This seems to have a simple fix, but it concerns a feature I'm not completely familiar with. The patch I just uploaded seems to yield a successful RIPE traversal, but I'm still investigating whether it's fully correct.

Feedback would be appreciated.

Esto parece tener una corrección muy simple, pero no estoy completamente familiarizado con el código relevante. El parche que acabo de subir parece corregir el problema, pero todavía estoy investigando si es completamente correcto.

¿Podrían bajarlo y ver si se comporta bien?

job · 2021-10-11T21:43:45Z

@ydahhrk the changeset proposal seems to introduce a memory leak triggering OOM. I'll reach out to you via email to share additional information.

forkwhilefork · 2021-10-11T22:27:48Z

FWIW I also got this error

Oct 11 14:21:35 core1 fort[7387]: CRT: /etc/fort/tal/ripe.tal: Attempted to pop empty X509 stack
Oct 11 14:21:35 core1 fort[7387]: Stack trace:
Oct 11 14:21:35 core1 fort[7387]: /usr/bin/fort(print_stack_trace+0x32) [0x558a924a3e52]
Oct 11 14:21:35 core1 fort[7387]: /usr/bin/fort(pr_crit+0x99) [0x558a924a73d9]
Oct 11 14:21:35 core1 fort[7387]: /usr/bin/fort(+0x1e563) [0x558a924a0563]
Oct 11 14:21:35 core1 fort[7387]: /usr/bin/fort(deferstack_pop+0x2f) [0x558a924a077f]
Oct 11 14:21:35 core1 fort[7387]: /usr/bin/fort(+0x34fda) [0x558a924b6fda]
Oct 11 14:21:35 core1 fort[7387]: /usr/bin/fort(+0x35a11) [0x558a924b7a11]
Oct 11 14:21:35 core1 fort[7387]: /usr/bin/fort(+0x452b4) [0x558a924c72b4]
Oct 11 14:21:35 core1 fort[7387]: /lib/x86_64-linux-gnu/libpthread.so.0(+0x7fa3) [0x7f1b0f98cfa3]
Oct 11 14:21:35 core1 fort[7387]: /lib/x86_64-linux-gnu/libc.so.6(clone+0x3f) [0x7f1b0f8bd4cf]
Oct 11 14:21:35 core1 fort[7387]: (Stack size was 9.)
Oct 11 14:21:35 core1 fort[7387]: Expand failed !
Oct 11 14:21:35 core1 systemd[1]: fort.service: Main process exited, code=exited, status=255/EXCEPTION
Oct 11 14:21:35 core1 systemd[1]: fort.service: Failed with result 'exit-code'.
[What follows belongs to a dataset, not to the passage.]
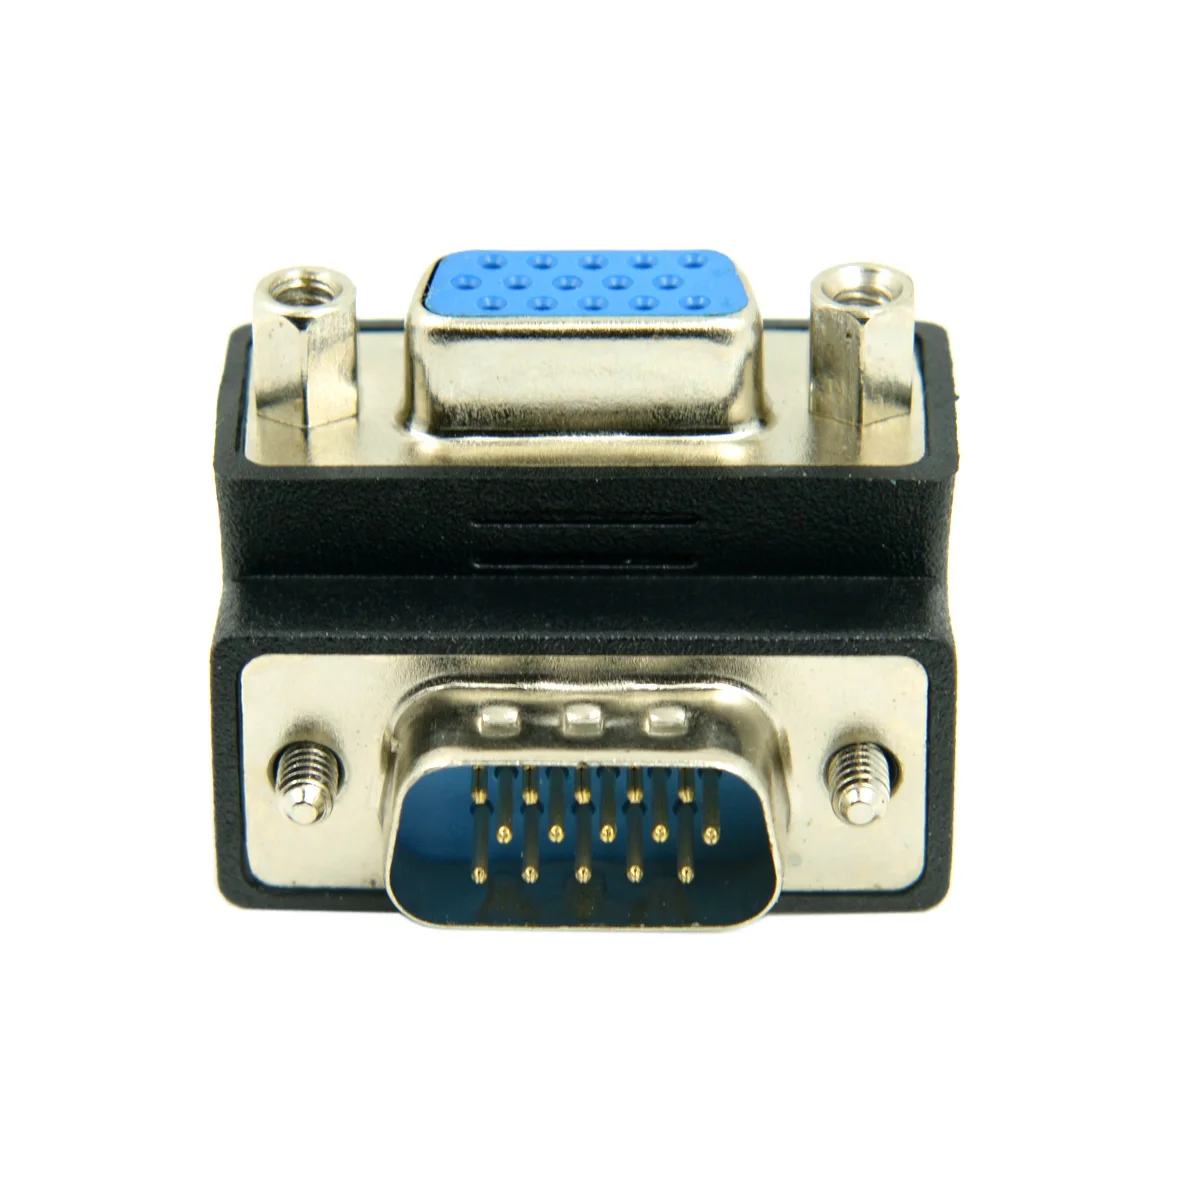 

Xiwai VGA SVGA Down Angled 15pin Socket Male To Plug Female High Density Extension Adapter Converter Changer Connector

I'd prefer to wait for a stable bugfix release before updating though.

moviedo-sc · 2021-10-11T22:30:41Z

Update: the RIPE file with issues was apparently fixed. It works now without modifying any config files.
However, it will be important to determine why it made FORT crash.

ydahhrk · 2021-10-12T01:23:29Z

The crash is already fixed, but as @job pointed out, the patch introduced a memory leak, and I ran into more problems after that. I'll have a proper refactor tomorrow, hopefully.
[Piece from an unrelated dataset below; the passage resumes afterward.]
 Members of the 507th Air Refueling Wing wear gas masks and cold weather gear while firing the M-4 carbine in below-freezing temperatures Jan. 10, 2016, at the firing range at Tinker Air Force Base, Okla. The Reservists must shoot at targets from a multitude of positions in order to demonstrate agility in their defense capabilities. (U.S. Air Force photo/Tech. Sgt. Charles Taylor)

Sorry for the inconveniences.

ties · 2021-10-12T06:55:21Z

Update: the RIPE file with issues was apparently fixed. It works now without modifying any config files. However, it will be important to determine why it made FORT crash.
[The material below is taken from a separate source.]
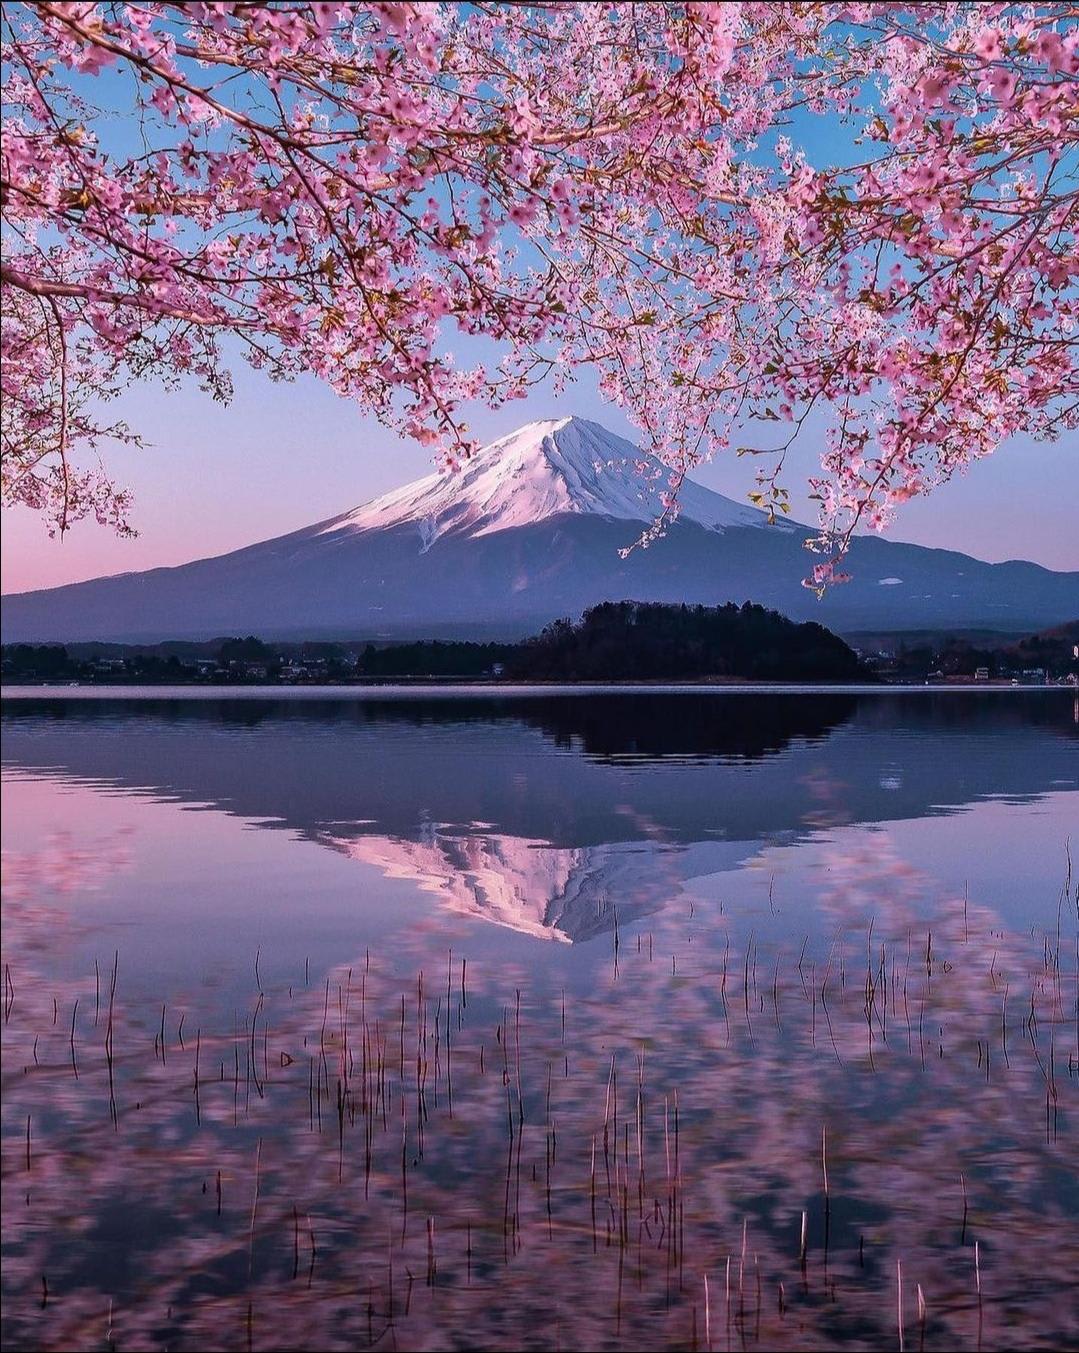 Spring in Japan is amazing

If there was a ripe file with issues - please list which one. We would be happy to investigate if there really was an unexpected object published in one of the repos we control (and follow up if it was a non-hosted repo).

ydahhrk · 2021-10-12T07:07:15Z

Way I see it, don't worry about it. The "unexpected object" contains a normal feature that was implemented two years ago in Fort, but adoption has apparently been slow (to the point 12 hours ago was seemingly the first time it has appeared in the wild), so the code either broke in the meantime or was never tested with real data.

It's hard to tell, because the developer didn't leave relevant unit tests. Which, of course, also needs to be fixed urgently.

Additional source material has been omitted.